Acclaimed photographer Lauren Greenfield’s movie Thin was shown this week at Smith College, in connection with an exhibit of her photographs at the college art museum (now through April 26). This cinema-verite documentary, which first aired on HBO in 2006, tells the stories of four young women with severe anorexia/bulimia who are in-patients at the Renfrew Center, an eating-disorders clinic in Florida. Greenfield writes on her website:
Every girl is affected by the desire to be thin. In the United States, we grow up feeling like our bodies are an expression of our inner selves. To be thin is to be beautiful, disciplined, and even moral. Fat is equated with laziness, slovenliness, a lack of regard for oneself, and a deficiency of self-control….
The making of Thin was a continuation of my decade-long exploration of body image and the way the female body has become a primary expression of identity for girls and women. I spent five years photographing and interviewing girls and women around the country for a book and exhibition called Girl Culture. In that work, I explored the way the body is a medium for girls to express their identities, ambitions, insecurities, and struggles. I was interested in the fact that girls learn from an early age that a woman’s power comes from her body and its display. The way girls present, decorate, reveal, and manipulate their bodies is a reflection of society’s conflicting messages and expectations of women. The female body has become a tabula rasa on which one can view the interplay between society’s imprint and the individual’s voice and psychology.
In this context, the pathology of eating disorders is compelling, symbolic, and important to understand.
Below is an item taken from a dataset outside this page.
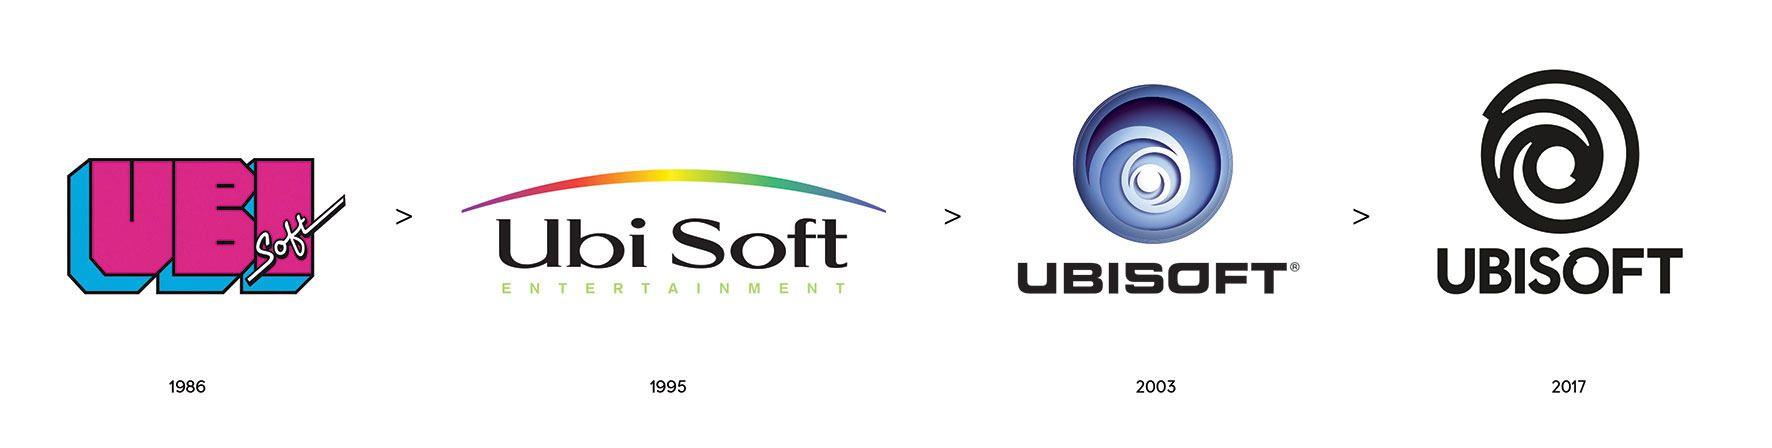 GameSpot Logo - Ubisoft Has A New Logo - GameSpot

It is extreme and atypical, but unlike most other mental illness, it has a visible relationship to the values of mainstream culture.
Thin is an excellent, important, heartbreaking film that raises more questions than it answers. For me, and the Buddhist friends with whom I saw the movie, the issue of anorexia was actually overshadowed by what we perceived as the abusive tactics of the clinic staff. In a strange way, the treatment program mirrored back the patients’ obsessively narrow focus on food and weight, setting up a contest of wills centered on starving versus force-feeding. Staff members constantly accused the women of lying, and worked to break up friendships between them, for fear that they would conspire to break the rules. Doublespeak abounded, as when the counselors used the word “support” to describe searching the patients’ rooms, and said that a patient (Polly, one of the four main characters) lacked “integrity” because she had covered for friends who violated house rules about smoking in the bathroom.
It was almost unbearable to watch the scene where the counselors browbeat Polly’s friends into turning her in. After paying thousands of dollars, she was kicked out, still not cured, because she had given another girl some antidepressants and gotten an illicit tattoo. Polly committed suicide in 2008.
Another of the film’s main characters had to leave because her insurance ran out (a not uncommon occurrence at the clinic, it appeared), and others reverted to purging and food restriction almost immediately after treatment ended. To what end, then, were all these violations of trust?
I’m no expert, but it seems to me that women with eating disorders need to be given a collective framework for their experience–a political and/or spiritual analysis to help them understand that the culture is sick, so that they can channel that immense willpower into social change instead of self-destruction. Where are the radical feminist anorexia clinics?